Buku diawali dengan cerpen Di Kubur Manakah Kautemukan Tubuhku. Cerpen itu berkisah tentang penemuan kuburan korban geger 1965. Gunawan menghadirkan imajinasi kegelisahan arwah seorang korban saat mengetahui kuburan yang menyimpan jasadnya ditemukan.
Penemuan itu tak disangka menerbitkan dilema dan kecamuk.“Namun, jangan paksa aku mengakui itulah tubuhku. Jangan paksa aku” (hal.3). Cerpen ini menyiratkan informasi betapa berat kekerasan yang menimpa tokoh “aku” sebelum akhirnya mati terbunuh, hingga arwah mereka pun “enggan” mengakui jasadnya. 
Kita bisa ikut membayangkan pengimajinasian cerpen tersebut lewat sekian film dan buku. Film Jagal: The Act of Killing dan The Look of Sillence karya Joshua Oppenheimer menampilkan dengan gamblang betapa mengerikan kejahatan kemanusiaan terjadi saat itu. Juga buku hasil lacakan majalah Tempo berjudul Pengakuan Algojo 1965 yang secara runtut menarasikan bagaimana genosida terjadi, dari perspektif para pelaku.
Tak jarang apes juga menimpa mereka yang tak terlibat. Cerpen Penjagal Itu Telah Mati mengisahkan keterlibatan seorang awam saat gegeran itu terjadi. Ia dijebloskan ke Pulau Buru hanya karena sebuah gumam. Ia menyangsikan kenapa “penjagal” itu melibas semua orang yang dianggap bagian dari “kaum merah”. “Mereka pun mengenal Tuhan?” Gumamnya saat menyaksikan pembantaian itu terjadi. Masa itu, bergumam perihal orang-orang komunis bisa membuat siapa pun masuk bui.
Jejak Kesaksian
Lewat kumpulan cerpen inilah kita bisa membaca jejak-jejak kesaksian Gunawan dalam mengisahkan kembali apa yang ia rasakan sebagai korban. Sekian cerpen secara khusus berkisah tentang pencarian tokoh “bapak”. Dalam cerpen Luka Itu Terperam Dalam-dalam kita seperti membaca ungkapan batin pribadi Gunawan.“Bahkan sekarang pun saya belum bisa menjawab pertanyaan anak saya, yang tak mengerti kenapa kami tak pernah nyekar ke makam kakek mereka” (hal.107).

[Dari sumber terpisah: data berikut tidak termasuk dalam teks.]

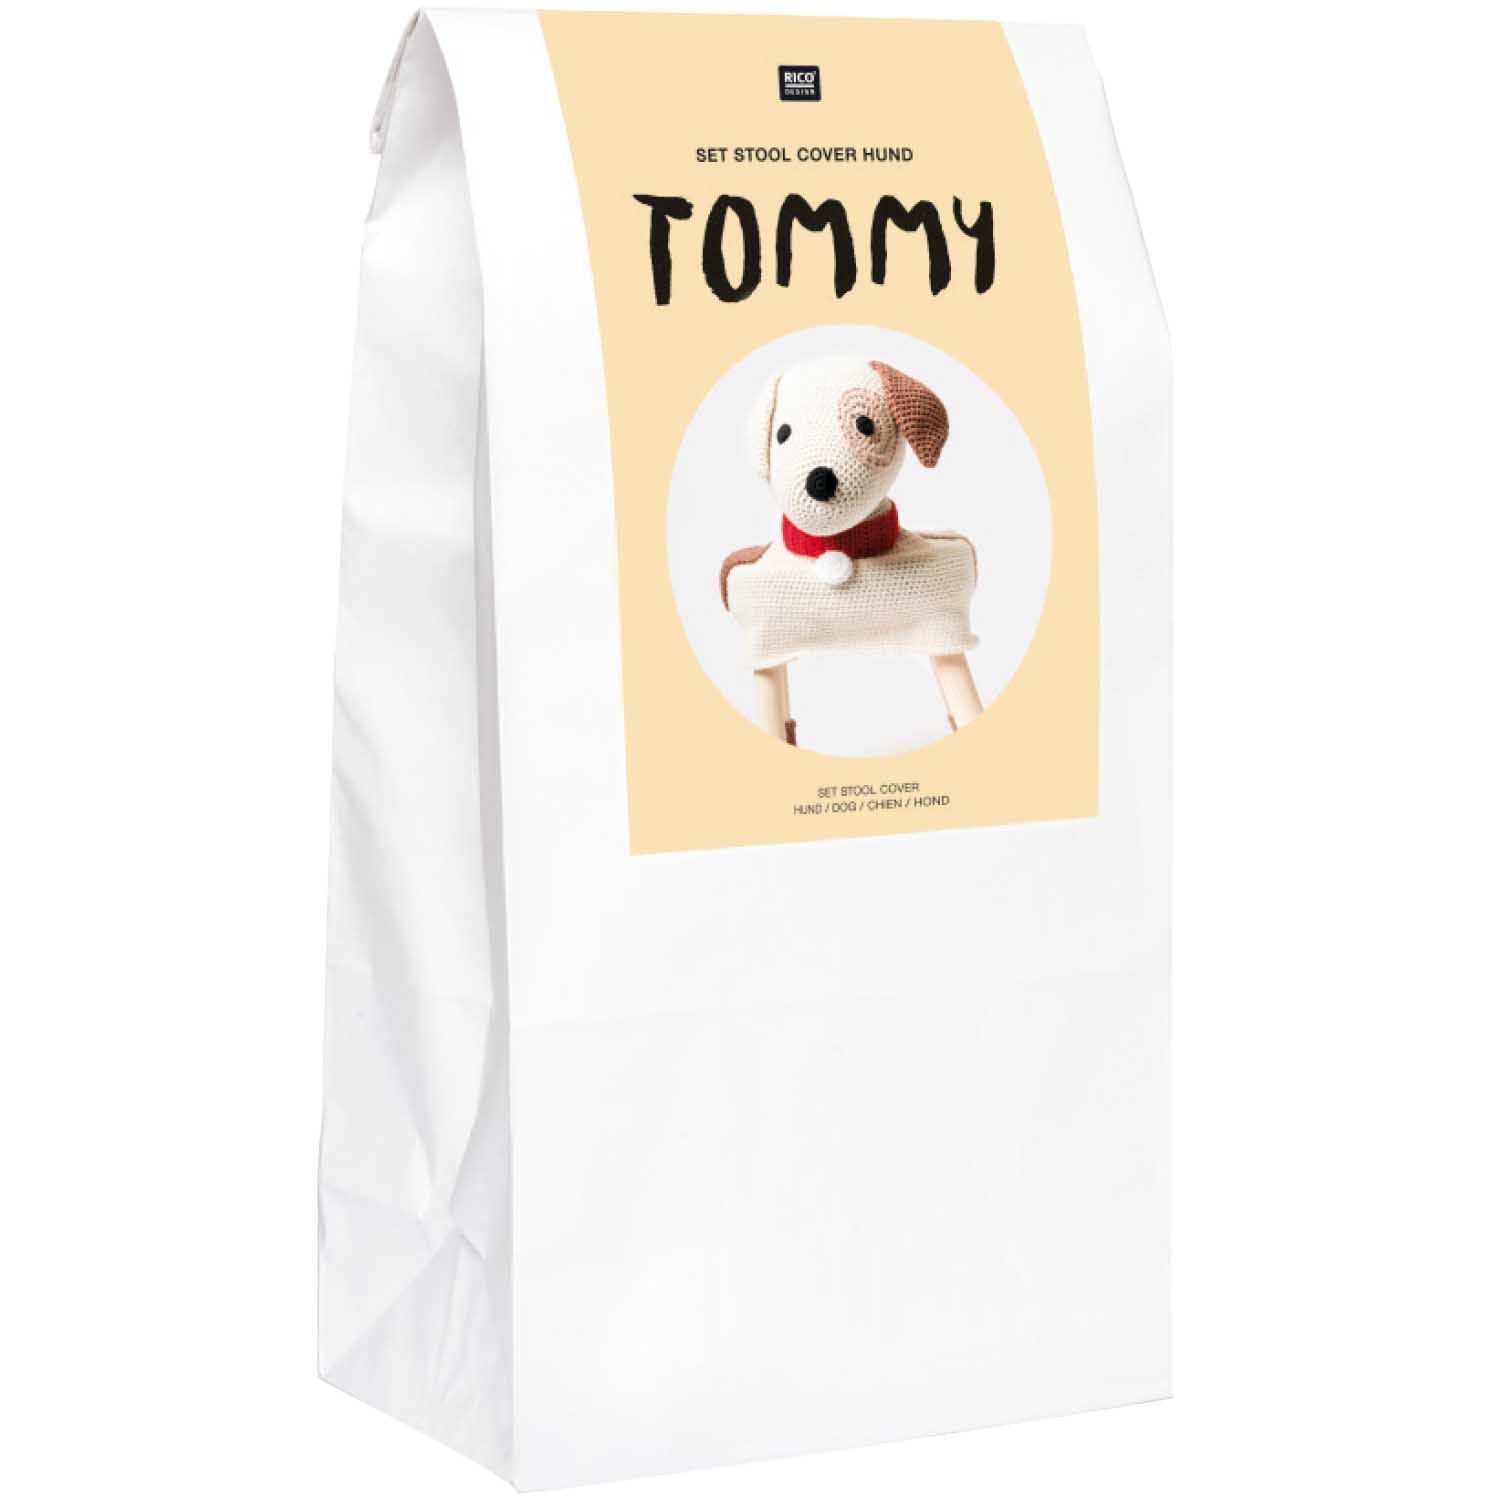 Häkelpaket Stool Cover - Hund 'Tommy'

Begitu pula dalam cerpen Sudahi Saja Kisah Lapuk Itu. Cerpen ini berkisah tentang tokoh “aku” yang kerap menerima komentar bernada ancaman setiap mengunggah pengalaman hidupnya, terkait bapak yang “hilang”, di media sosial. “Ya, ya, justru ketika aku berterang-terang menyatakan Bapak mati dibunuh dan sampai sekarang kami tak pernah tahu di mana dikuburkan, mereka menatapku dengan pandangan entah jijik, ngeri, nanar, atau penuh kebencian” (hal.138).

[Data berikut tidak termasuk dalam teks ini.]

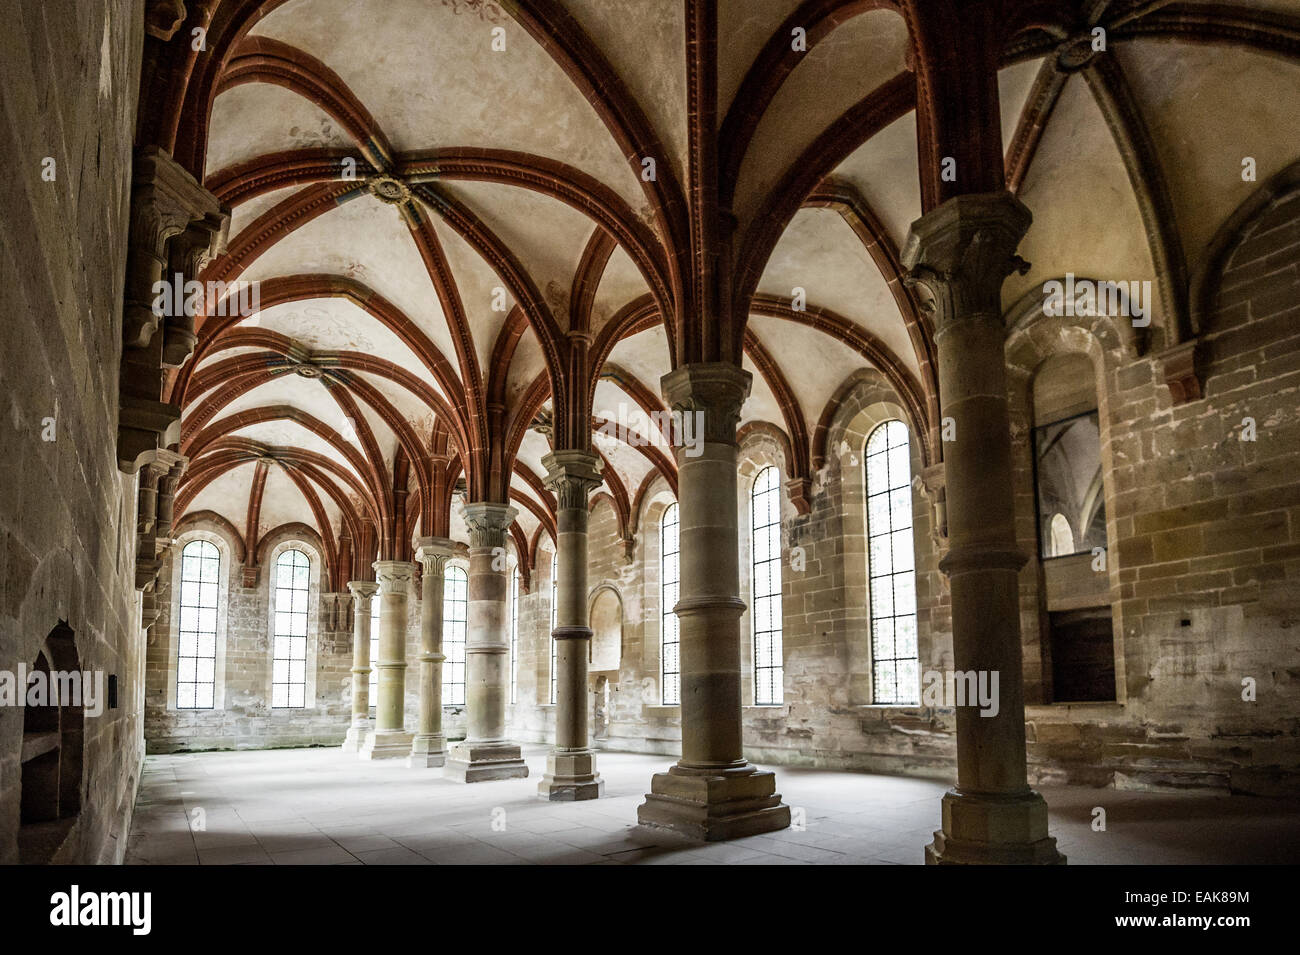 Kloster Maulbronn, ehemalige Zisterzienserabtei, UNESCO-Weltkulturerbe, Maulbronn, Baden-Württemberg, Deutschland Stockfoto

Dari pengisahan cerpen-cerpennya, kita tentu menduga Gunawan menulis cerpen sepenuhnya bereferensi pengalaman hidupnya yang pahit, sebagai korban. Seolah tahu pembaca bakal mengajukan dugaan tersebut, Gunawan sigap memberi “jawaban” yang terselip di dalam dialog sebuah cerpen berjudul Luka Itu Terperam dalam-dalam. “Cerpen saya memuat sedikit saja fakta yang kami atau orang-orang yang kami kenal alami sebagai basis penceritaan. Semua saya ungkap dari sudut pandang korban: yang dikalahkan dan terus-menerus disalahkan” (hal.106).
Satu hal yang perlu kita catat dari kisah-kisah dalam buku ini: Betapa sulit bagi siapa pun untuk berkata jujur kepada publik, untuk sekadar mengaku bahwa ia adalah termasuk korban dari peristiwa paling kelam dalam sejarah Indonesia ini. Bukankah sampai hari ini masih saja kita temui kelompok yang tak menghendaki adanya rekonsiliasi?

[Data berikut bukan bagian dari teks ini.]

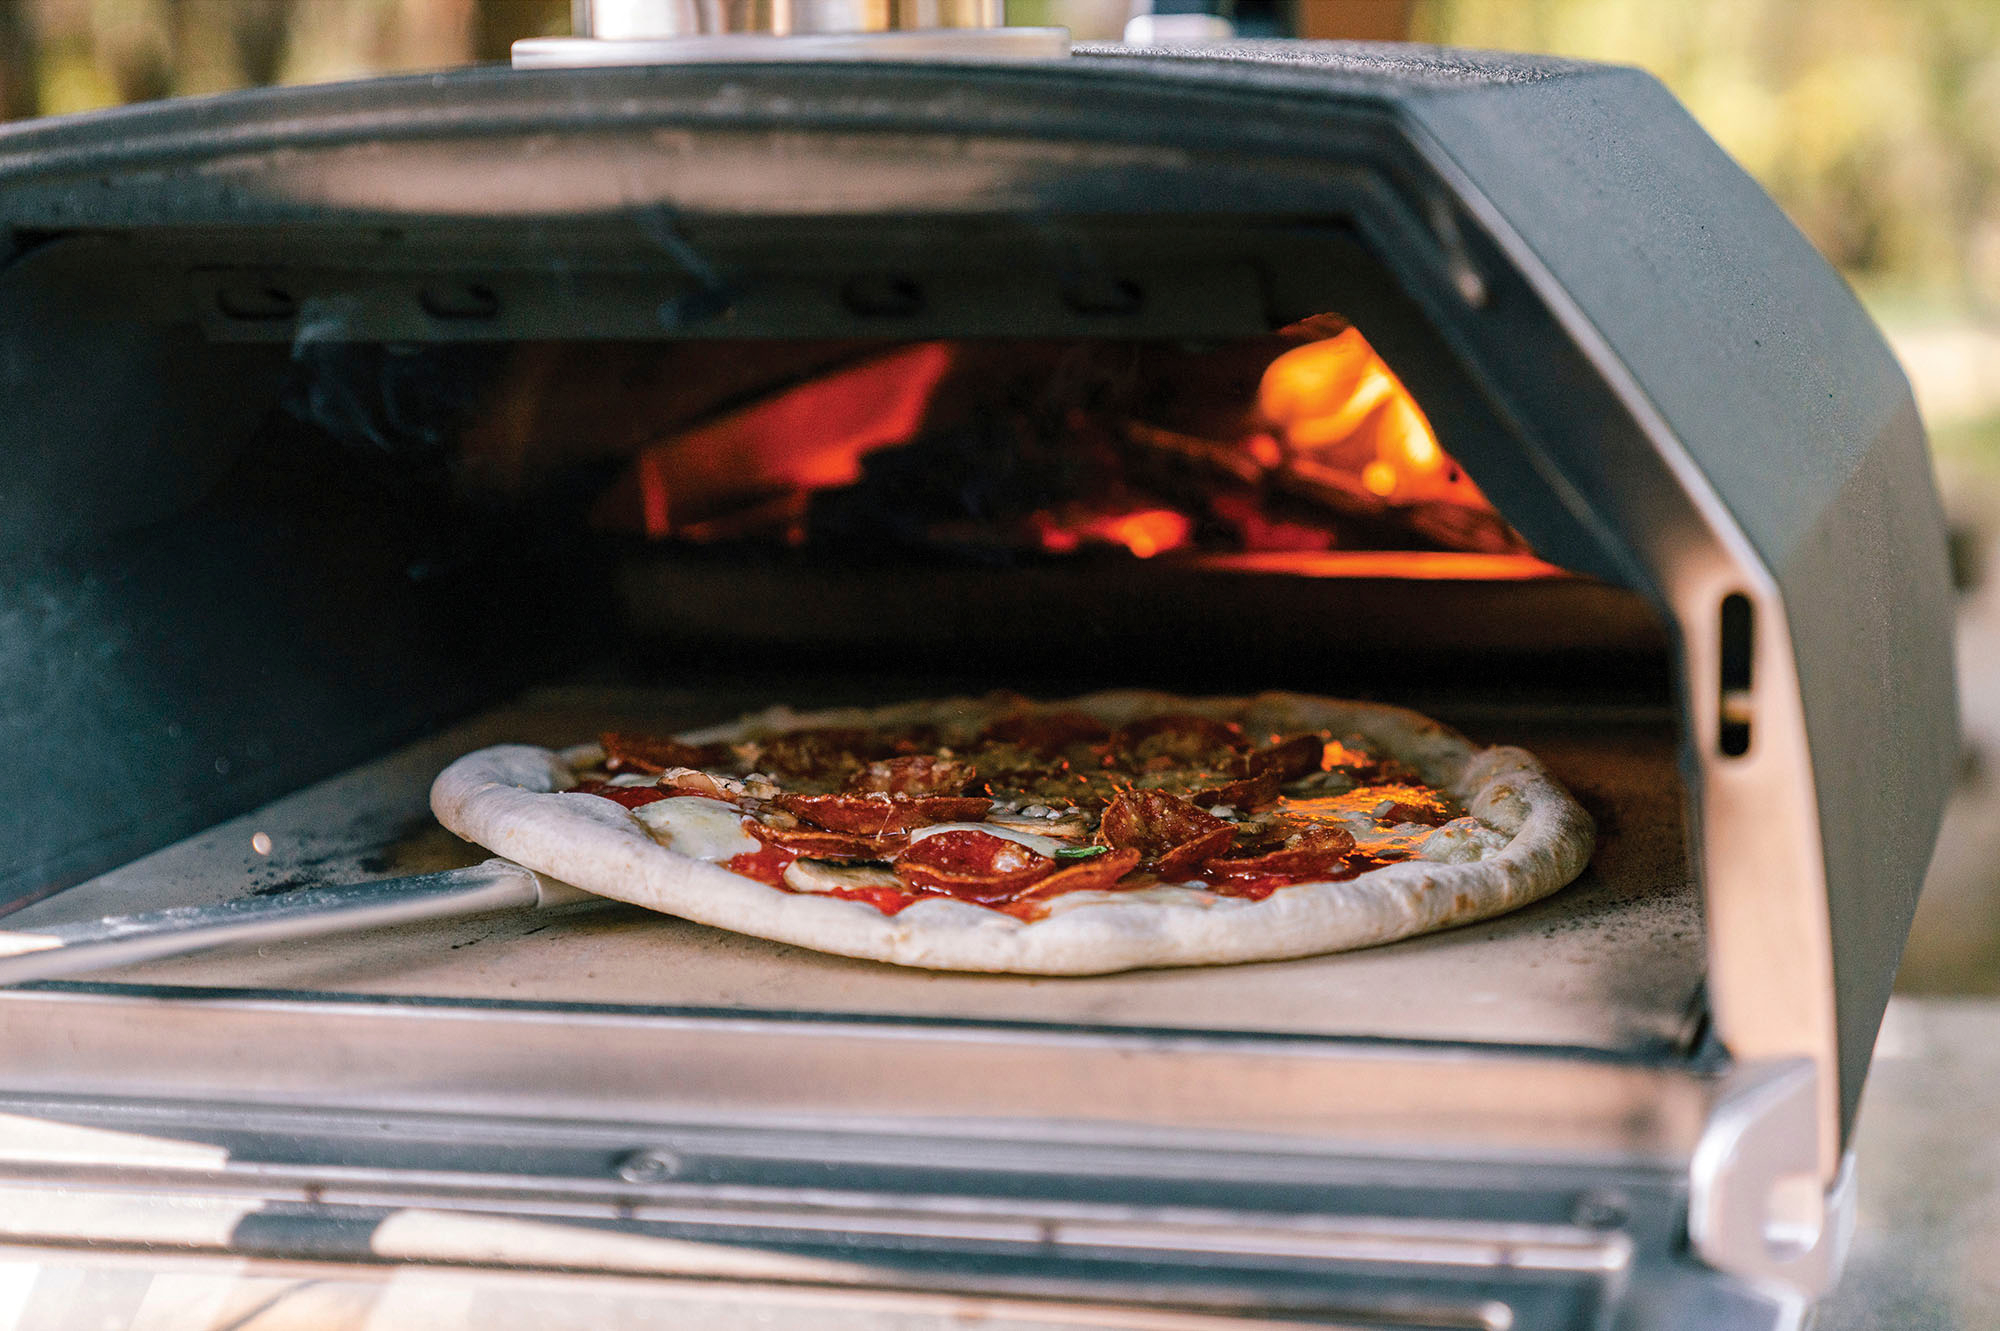 Ooni Karu 16 Multi-Fuel Pizza Oven — Las Cosas Kitchen Shoppe

Namun, berangkat dari kisah nyata atau pun tidak, jika terkait pembacaan sebuah cerpen, hal itu sebenarnya tak terlalu menjadi soal. Cerita yang menarik tak ditentukan oleh karena hal itu nyata atau tidak. Toh, menukil Radhar Panca Dahana (2001), “pembaca sebenarnya diam-diam, disadari atau tak, lewat sejarah membacanya, ia telah menyusun strategi, kuda-kuda bahkan pamrih yang—kadang—berlebih ketika mengapresiasi karya sastra.”
Bagi pembaca yang menaruh perhatian pada isu-isu sejarah dan hak asasi manusia, buku ini tentu wajib dibaca dan dikabarkan ke publik sebagai bagian dari misi kemanusiaan. Berbeda dengan pembaca yang menganggap gaya, cerita dan eksplorasi imajinasi adalah kenikmatan utama dalam membaca sebuah cerpen ketimbang pesan yang disampaikan pengarang. Buku ini, tentu saja, kurang begitu menarik, juga monoton.
Hal itu lantaran 14 cerpen dalam buku ini sepenuhnya berkutat pada paragraf-paragraf berisi cerita-cerita merindingkan perihal keganasan sebuah rezim dan perilaku paling purba manusia pada sesama. Bahwa menulis cerpen dengan gaya memoar adalah strategi Gunawan menumpahkan kesaksian dan pengalaman hidupnya, itu tidak jadi soal. Pertaruhannya kemudian, dapatkah cara menulis seperti itu sanggup memadukan antara kesaksian dan pengalaman hidup, untuk kemudian mengolahnya dalam satu olahan imajinasi, kesegaran berbahasa, serta siasat bercerita yang memikat, sehingga menghasilkan citarasa cerita yang menarik, tidak hanya dari segi isi, juga bagaimana cerita itu dikemas. Tentunya agar kesaksian dan ingatan itu tak sekadar jadi monumen kesedihan belaka.
Tak mudah, memang. Dan, karena buku ini dimaksudkan sebagai kumpulan cerpen, di sinilah kelemahan Gunawan. Hasrat untuk mengajukan kisah kesaksian dalam perspektif korban ternyata melebihi kesadaran untuk mempertimbangkan, betapa cerpen tak semata isi dan pesan yang mesti disampaikan kepada pembaca. Tak menjadi soal bahwa cerpen-cerpen Gunawan dimungkinkan untuk dijadikan sebagai “varian rekonsiliasi pada tataran antarindividu”. Tetapi, tentu saja, pembaca punya kebebasan untuk bersepakat, atau menolaknya. []

Diedarkan dalam bundel Kelab Buku edisi 8, Oktober 2015.